This is SCIENCE FRIDAY, I'm Ira Flatow. We're broadcasting from the Wisconsin Institutes for Discovery in Madison, home this week of the Wisconsin Science Festival. Astronomers and astrophysicists have traditionally, for centuries, looked upwards to the sky to learn more about the universe. We've launched telescopes into space. We have sent probes beyond our solar system to study dark matter, colliding galaxies, how the planets formed.

But there is a group of scientists that is turning its eyes downward, and I mean way down. They have built a telescope a mile deep into the ice at the South Pole. Wow. What if you have to fix that? The frozen observatory is appropriately named IceCube and it's not looking for your typical star stuff, but the elusive neutrino.

What are neutrinos? Why build a telescope a mile deep in the Antarctic ice? Well, here's a man with all the answers. Francis Halzen is the Hilldale and Gregory Bright professor in the physics department, University of Wisconsin in Madison.
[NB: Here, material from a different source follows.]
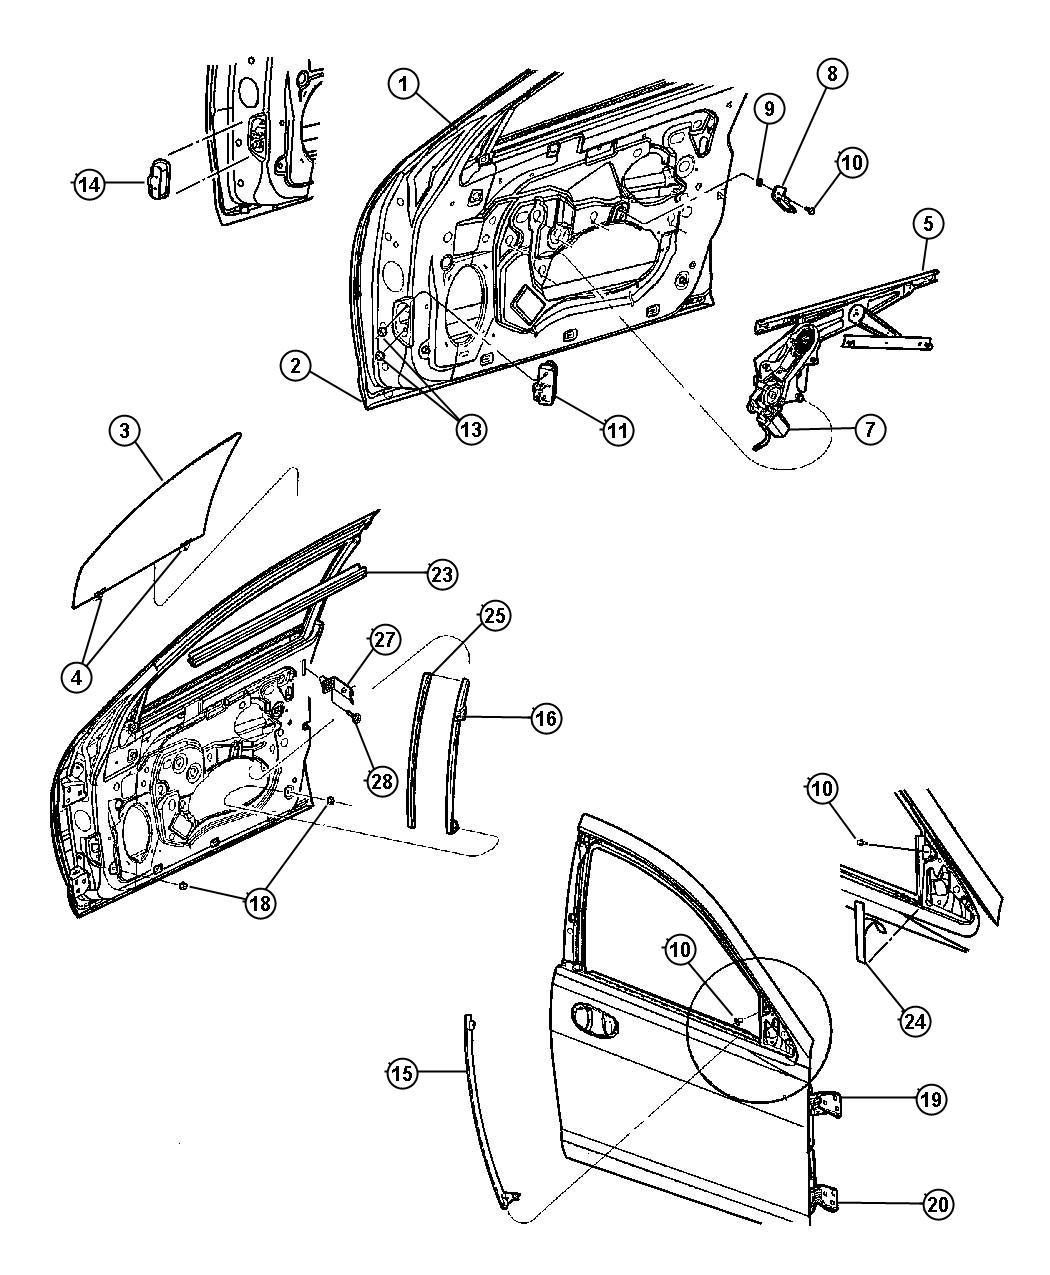 Chrysler Sebring How To Remove Window Handle Crank

Welcome to SCIENCE FRIDAY.

FRANCIS HALZEN: Glad to be here.

FLATOW: What are neutrinos and why are we so interested in them?

HALZEN: Well, I think your introduction was to the point. I mean, when we know of another way to look at the sky and at the universe, you know, we have never been able to resist it. And this was probably the hardest way to do it, and that made it a challenge. And so neutrinos, you can think of of as just another way, another form of flight and we discovered them in 1956 and as they have no electric charge, they make beams just like light beams.
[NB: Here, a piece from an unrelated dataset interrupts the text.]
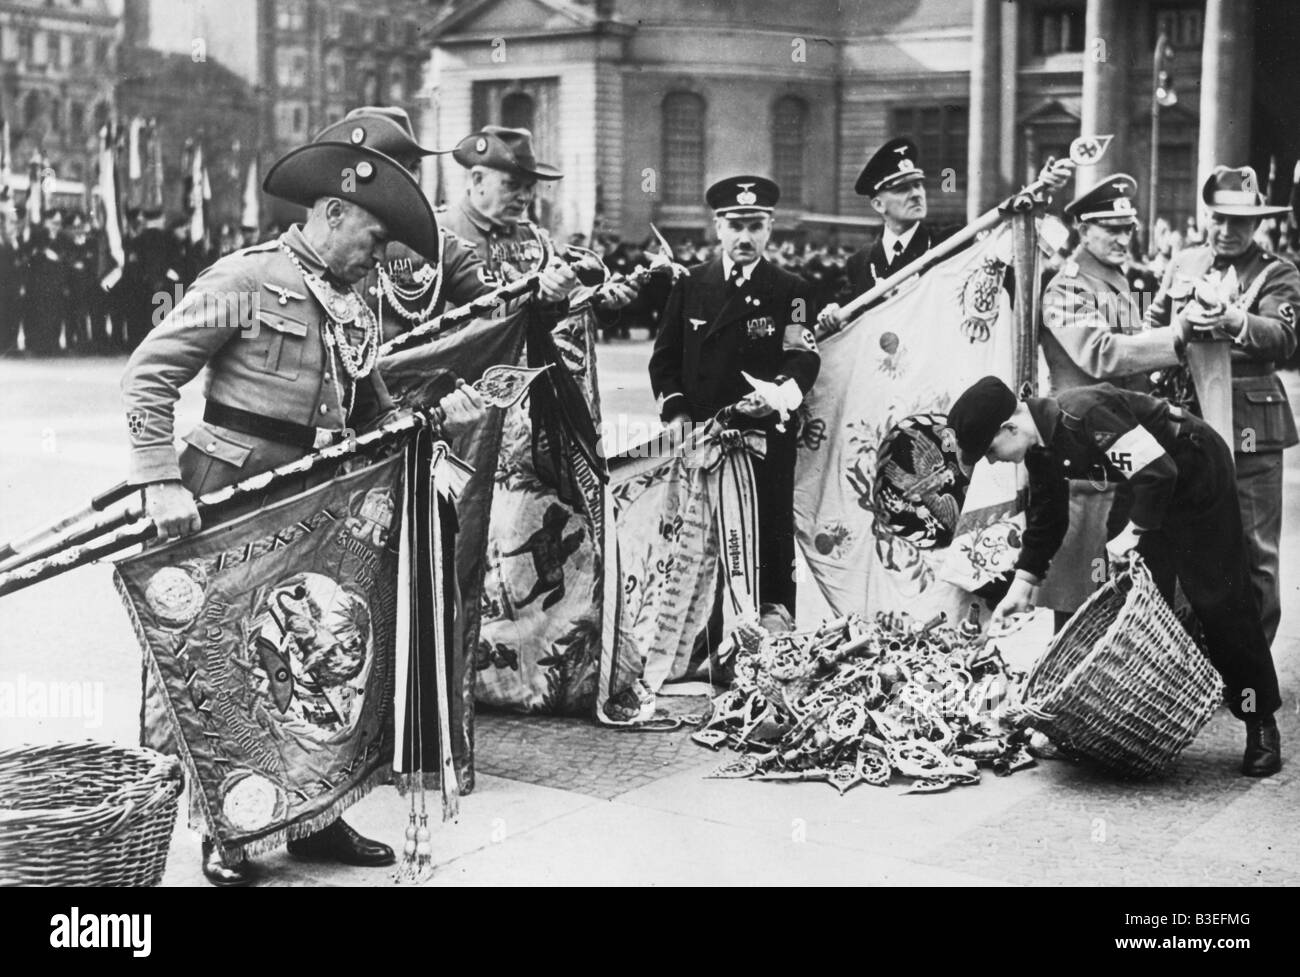 Metal donations / Berlin / 1940 - Stock Image

And so we knew we could look at the sky with them. The only problem is that we collect light with our eyes, and with a mirror, neutrinos come as elementary particles and we know how to detect elementary particles. The only problem is that to actually look at the sky in an effective way, you have to build a kilometer cube detector.

And this had never been done before and so we took us about, since the idea to now, it took just half a century.

FLATOW: Just half a century.

HALZEN: Just half a century.

FLATOW: Why do you build it a mile down beneath the ice where it's absolutely dark, right?

HALZEN: Well, as I said, it's a particle detector. If we build it on the surface, in fact it's not impossible, but it would be much more complicated because the surface of the Earth is bombarded by cosmic rays in incredible numbers and you would have to find these neutrinos in this rain of cosmic rays and it would be very challenging. If you go a mile deep, then you have to only find one neutrino in a million events that impersonate a neutrino.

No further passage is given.